Tuesday, August 21, 2007

Dead Dog Treated Like Dead Dog

In death, service dog treated as roadkill
Linda Goldston, Mercury News

It was bad enough for Richard Gambord to learn that his missing service dog was killed a short time after he crashed his van and the dog ran off.

Then, he learned that the golden retriever's battered body had already been disposed of - mixed in with roadkill and grease at a San Jose rendering plant.

"It's just so sickening," Gambord said. "They took this esteemed and loved dog and hauled him away like he was roadkill. It makes me sick."

A Caltrans worker took Quinn's remains to San Jose Tallow the same night he was killed - a violation of Caltrans policy, a Caltrans spokeswoman said.

To Gambord of Los Gatos and the college student who spent more than a year training him, Quinn was treated with no more respect than motorists show squashed squirrels.

Brigetta Smith, public information officer for Caltrans confirmed that the dog was taken there even though it violated the department's procedure.
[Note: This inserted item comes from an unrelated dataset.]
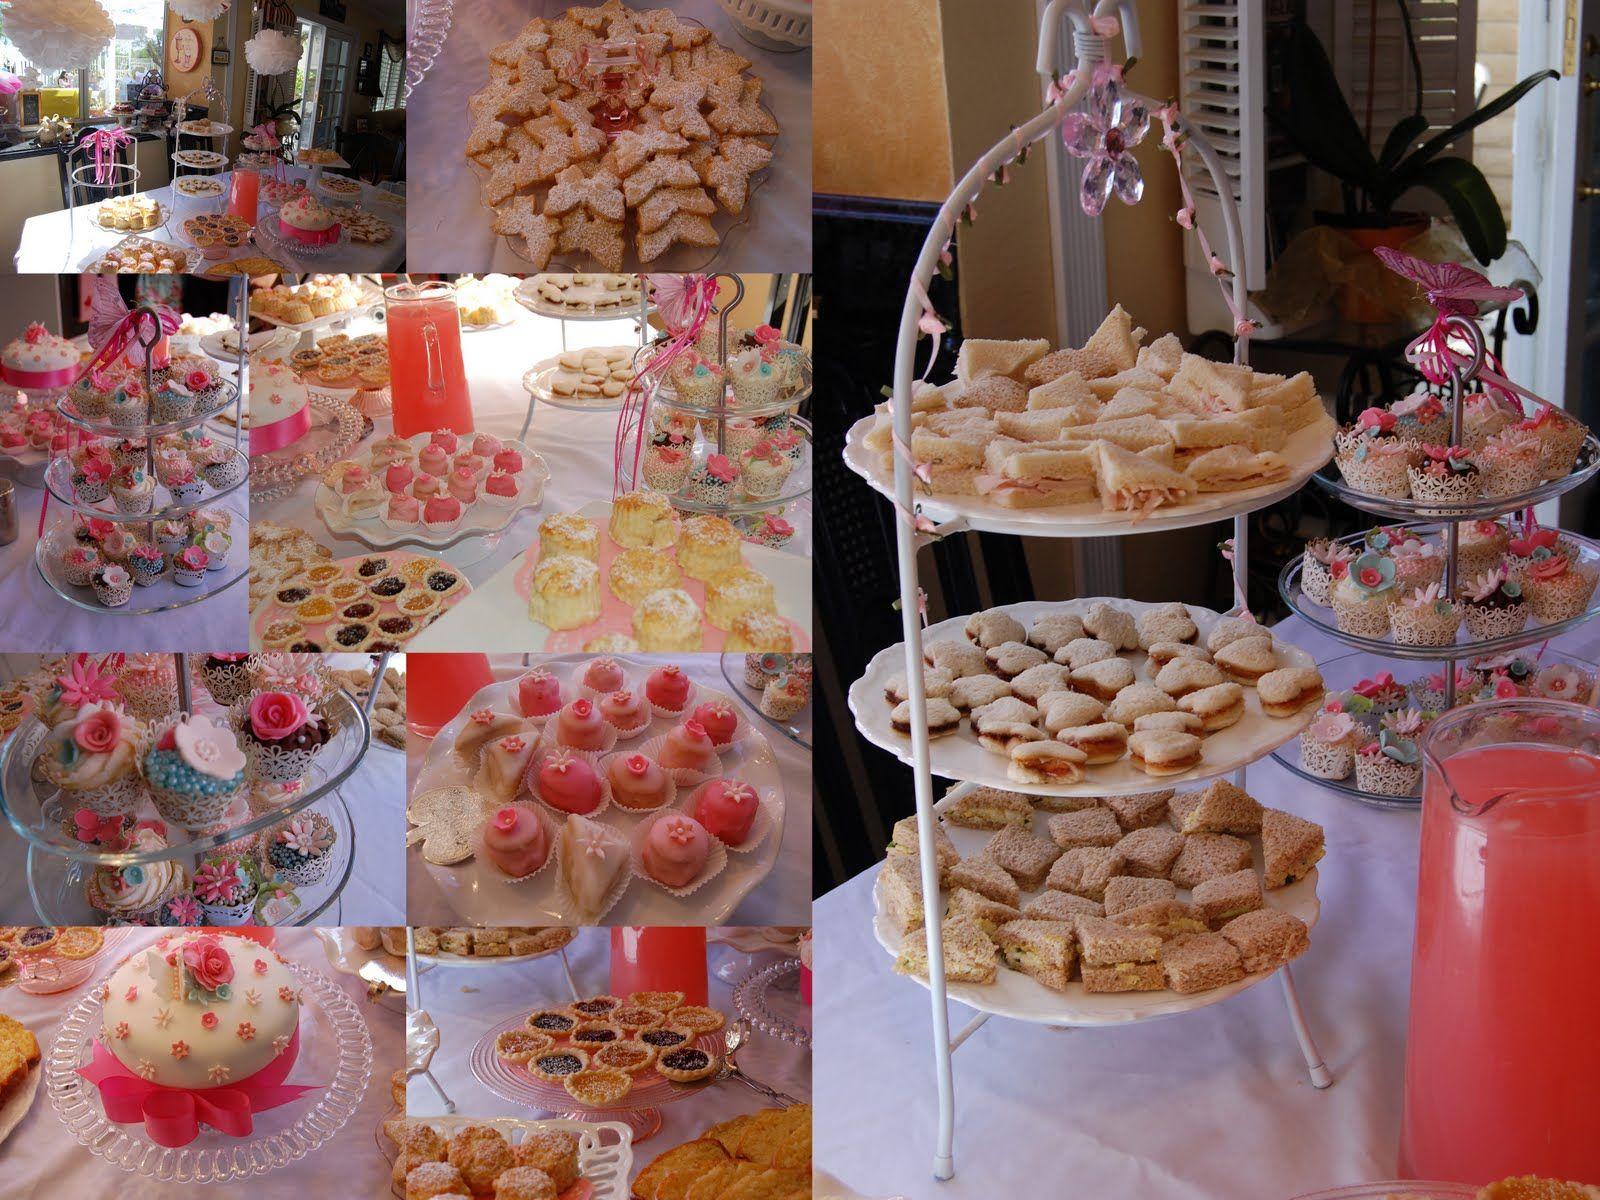 finger food ideas for bridal shower%0A Girls tea party food ideas       Neat food ideas   Pinterest   Girls tea  party  Tea parties and Food ideas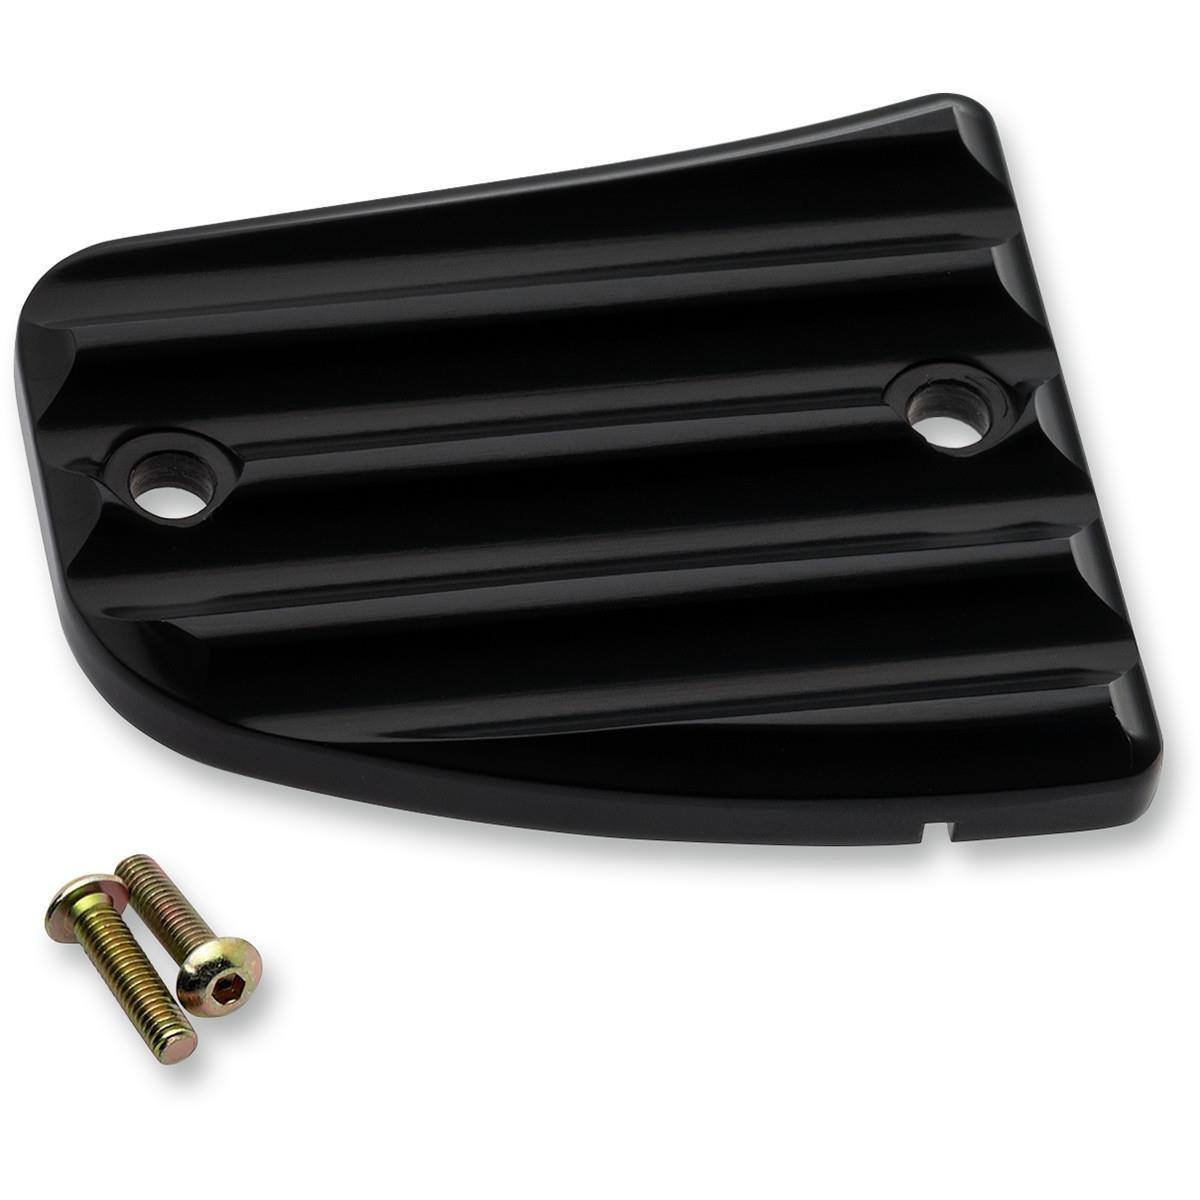 Joker Machine 30-380-1 Front Brake Master Cylinder Cover - Finned - Black Anodized

Road crews are supposed to take the body of a dog or cat to an animal shelter so it can be scanned for an ID chip - and the owner can be notified, she said.

In this case, Gambord and others searched for a week for the dog that was wearing a collar and a purple cape with the logo for Assistance Dog Institute.

Based in Santa Rosa, the institute places nine to 15 assistance dogs each year and there is always a waiting list. Quinn was placed with Gambord, who has multiple sclerosis, three weeks ago, and the dog already had helped Gambord take a few steps without fear of falling.

"We certainly didn't want it to end this way," said Jorjan Powers, community and public relations director for the institute. "It's just an unhappy ending no matter how you look at it."

Smith said Caltrans is reviewing its procedures "to make sure this doesn't happen again."

A California Highway Patrol officer who removed the dog's body from the roadway told Caltrans the dog was wearing a collar and its purple uniform. The Caltrans worker who picked up Quinn, however, said he did not see the cape or the collar.

"I've asked our guys to review the agreement we have with the rendering plant to make sure they won't accept domestic animals from us," Smith said. "There should be safeguards on both ends."

Gambord and Quinn were returning home from an outing Aug. 12 when Gambord said he heard his dog choking in the back of the van. The next thing he knew he had crashed into some bushes on the Interstate 280-880 interchange in San Jose. The van's door flew open and Quinn bolted out about 1 a.m. Authorities think the dog was hit by a car about an hour later.

"He kept getting hit so the CHP ran a traffic break so Caltrans could pick him up," Smith said. "We picked him up about 2 a.m. right at northbound 280 to northbound 880."

Smith said Caltrans used to take all dead animals it removed from roadways in the South Bay to the rendering plant, but it changed its procedure two years ago to take only wild animals.

Caltrans used to have a contract with the humane society that allowed them to drop off the dead bodies of cats or dogs that had been killed on a freeway or expressway, but "Caltrans chose not to renew it," said Chris Benninger, executive director of Humane Society Silicon Valley.

Peggy Leyba of San Jose Tallow said the manager could not be reached Monday. Commonly, the dead animals taken to tallow plants are boiled down to oil that goes into a range of products, including fertilizer, soap and stock feed.

"They do accept dead dogs," Leyba said, but she had no information about the products produced.

Powers said the staff of the institute plans to hold a memorial for Quinn, and meet to discuss what happened. "We plan to meet and see if there isn't some good that can come out of this tragedy."